Maybe that is the deepest meaning of the opening of the פרשה:
“דבר אל כל עדת בני ישראל ואמרת אליהם קדושים תהיו”
Your holiness is not meant to sever you from the people. It is meant to deepen your place within them. The measure of קדושה is not how far you can get from ordinary life, but how high ordinary life can be lifted by your own personal עבודה (service).
So the mitzvah is more demanding than we think, because it does not let us hide inside technical permission.
And it is more human than we think, because it does not ask us to become angels. As we know, an angel has a single foot; he does not “walk” in the conventional sake. We are people. We walk, we grow, we struggle, we are real. That is why the Torah was given to us, and not to the angels.
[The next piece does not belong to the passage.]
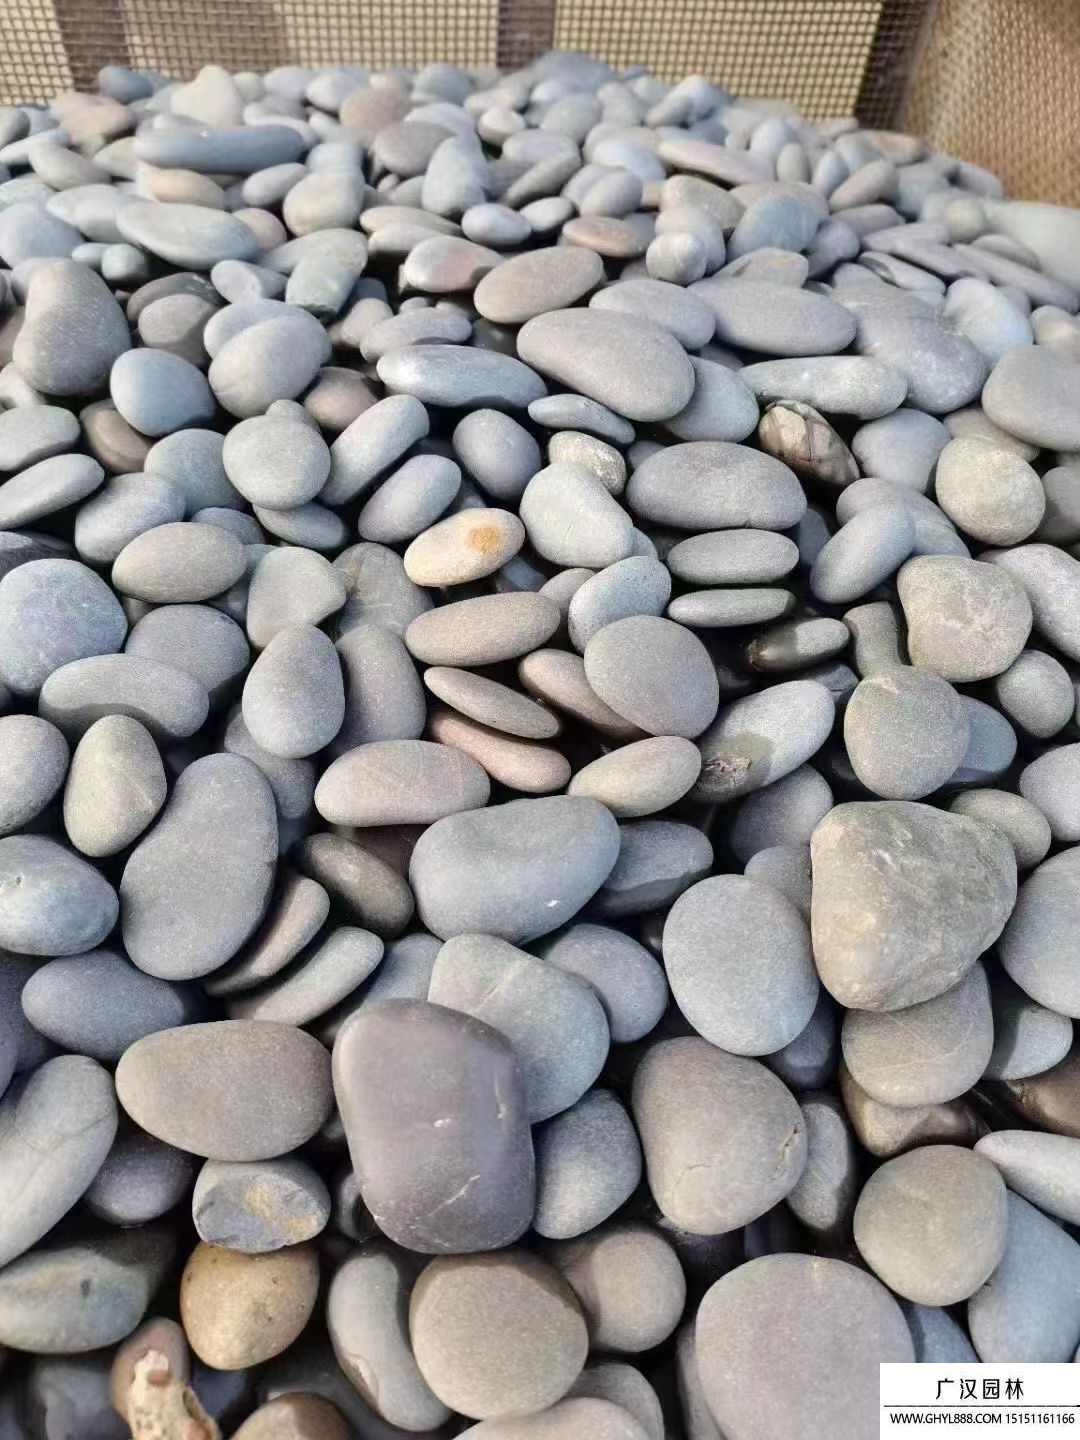 鹅卵石是什么岩石类型

It asks us to become holy human beings.
To live among other people.
To carry the beauty and burden of ordinary life.
To show up for the ציבור.
To build a home.
To raise children.
To repair what we break.
To be inspired, to get inspired, and to inspire others.
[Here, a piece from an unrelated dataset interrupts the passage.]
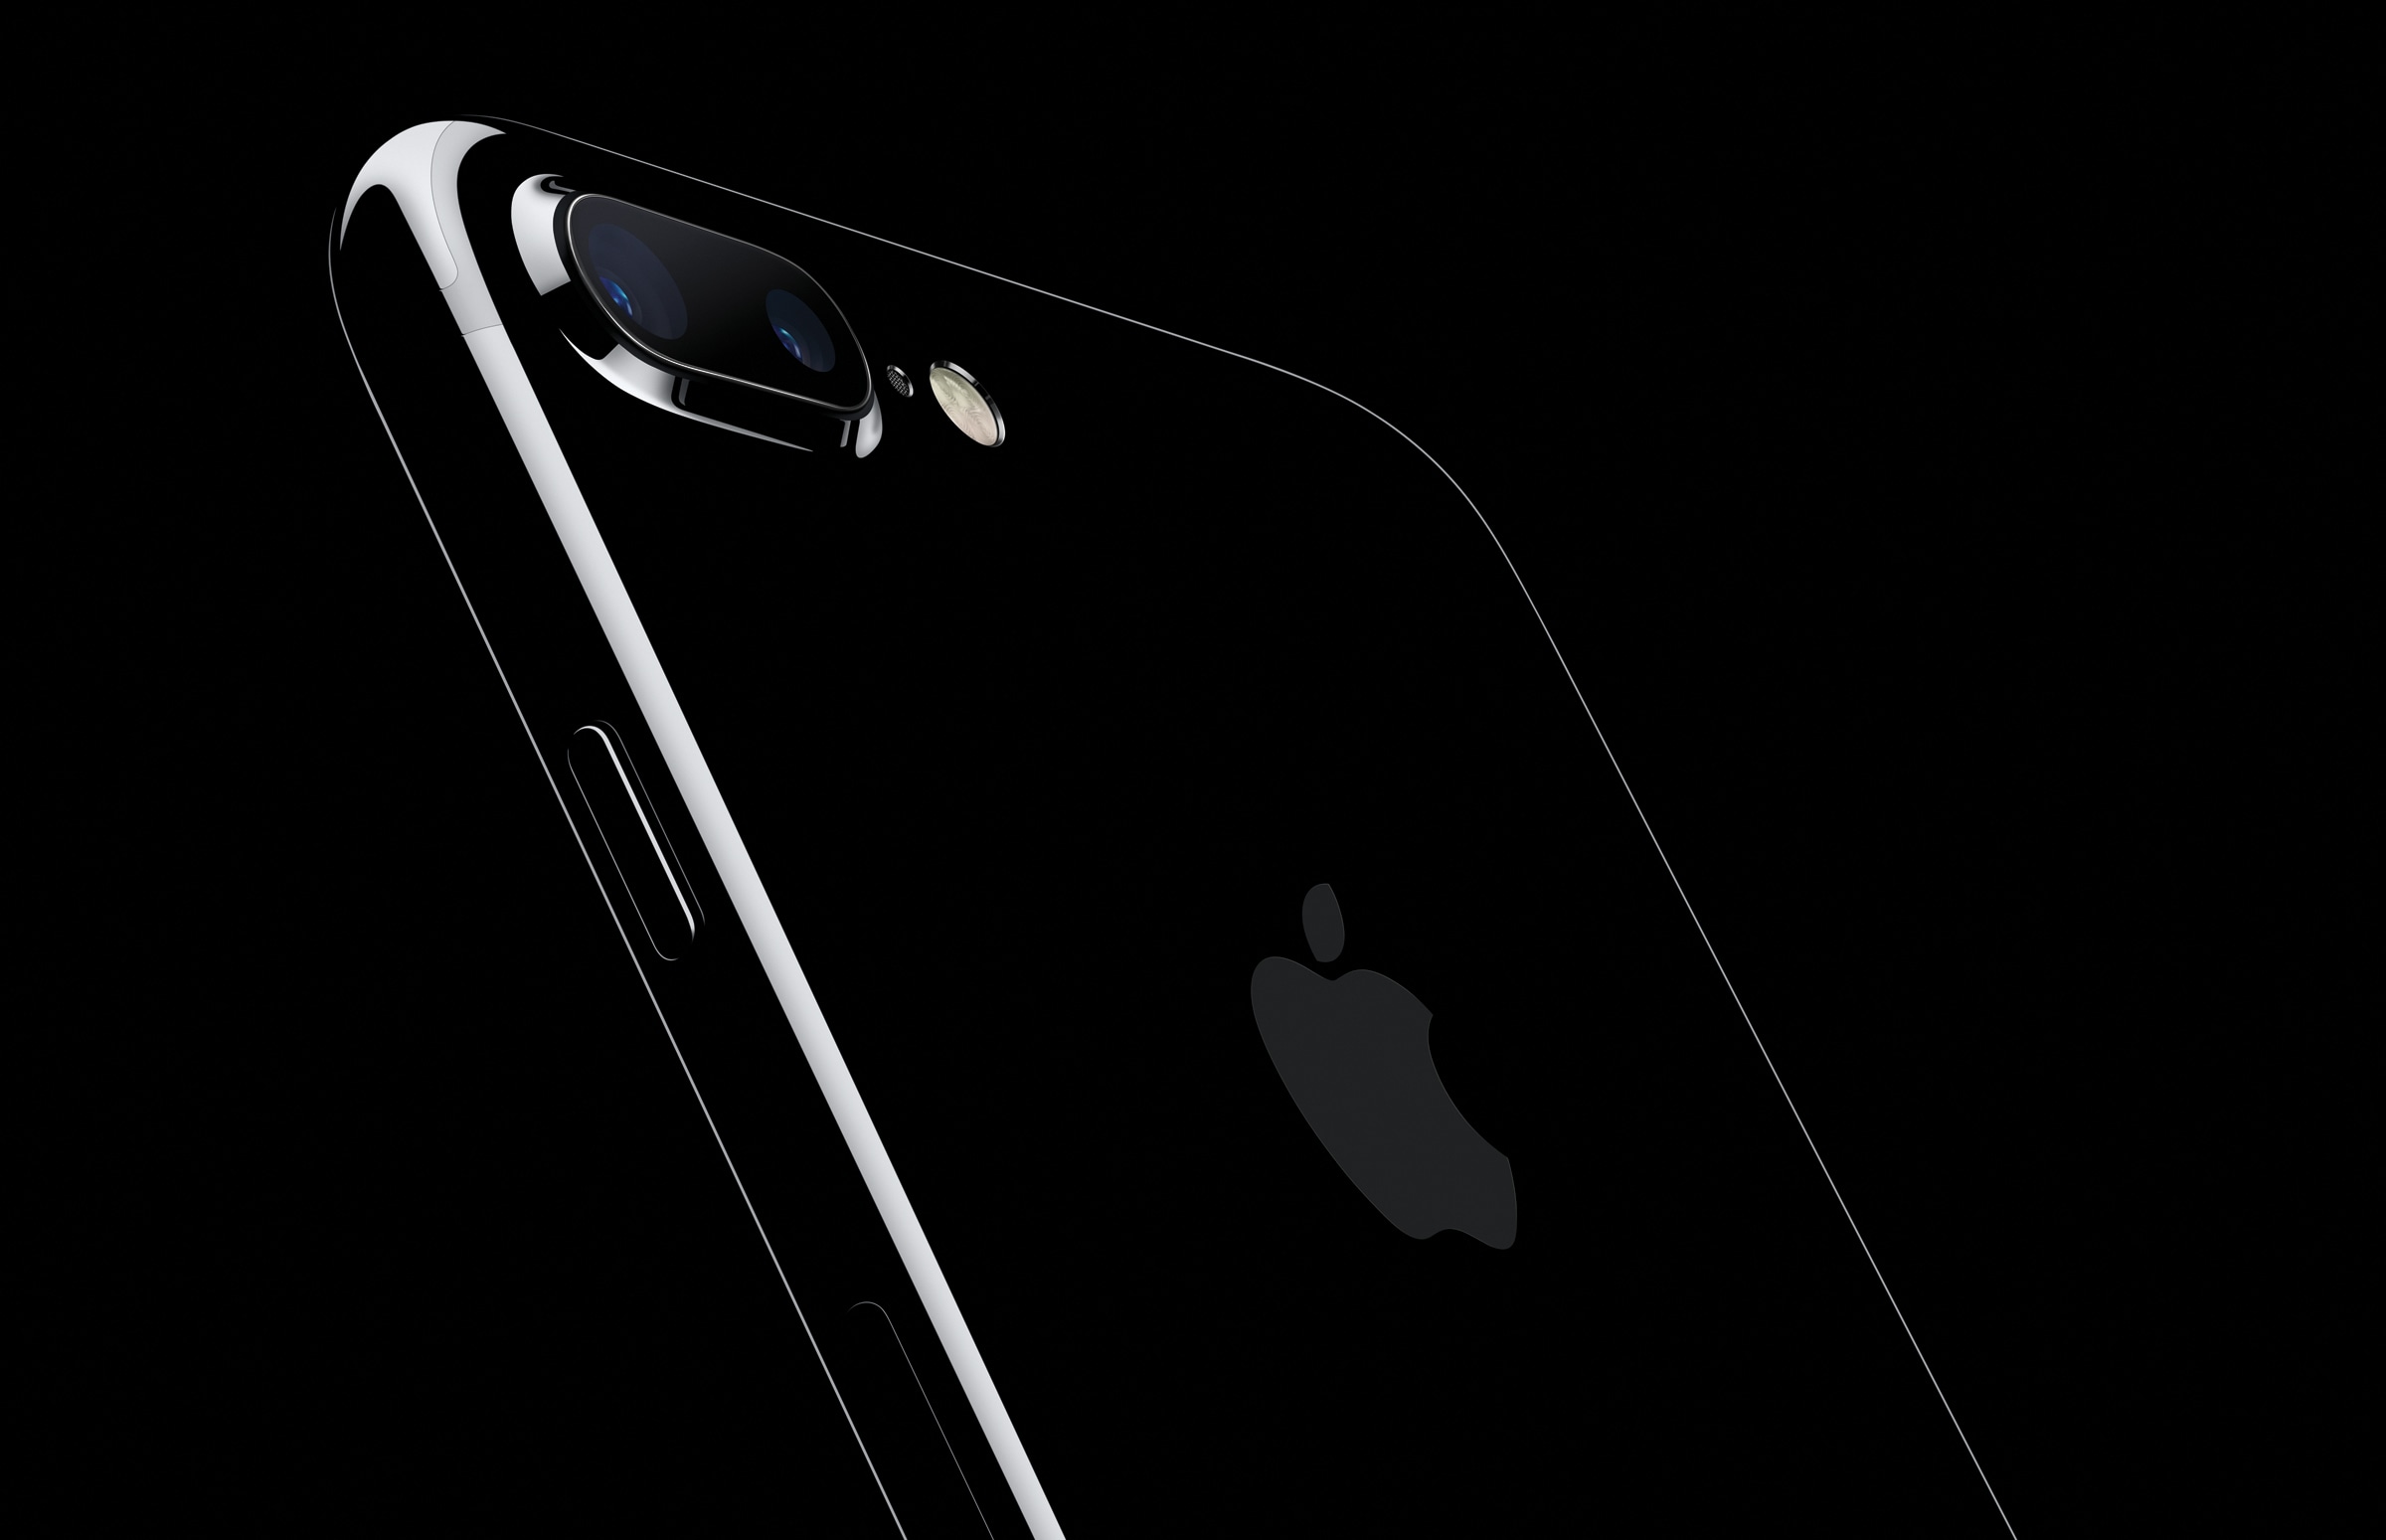 iPhone 7 Plus jet black tilted back on black background

May we be זוכה to hear the call of קדושים תהיו in the way the תורה meant it to be heard: not as a push to run away from life, and not as an excuse to settle for what is merely permitted, but as a demand to become greater within life itself. May we strive for real קדושה — attainable קדושה, honest קדושה, קדושה with real goals, among real people, in the midst of real life. May our קדושה be rooted not in our imagination, but in the Ribbono Shel Olam, who is the שורש הקדושה. And may our pursuit of holiness never come at the expense of those around us. Rather, may it refine us without making us harsh, elevate us without making us distant, and expand us without making us act smaller toward others. May we be זוכה not to settle for the bare minimum, but to embrace the קדושה for which man was originally created — and to recover it not alone, but together, בתוך כל עדת בני ישראל. And may our קדושה lift us upward while also lifting the people around us, so that through us there is more אמת (truth), more warmth, more growth, and more מקום for the שכינה (Divine Presence) within כל עדת בני ישראל. Through that effort may we usher in משיח צדיקנו.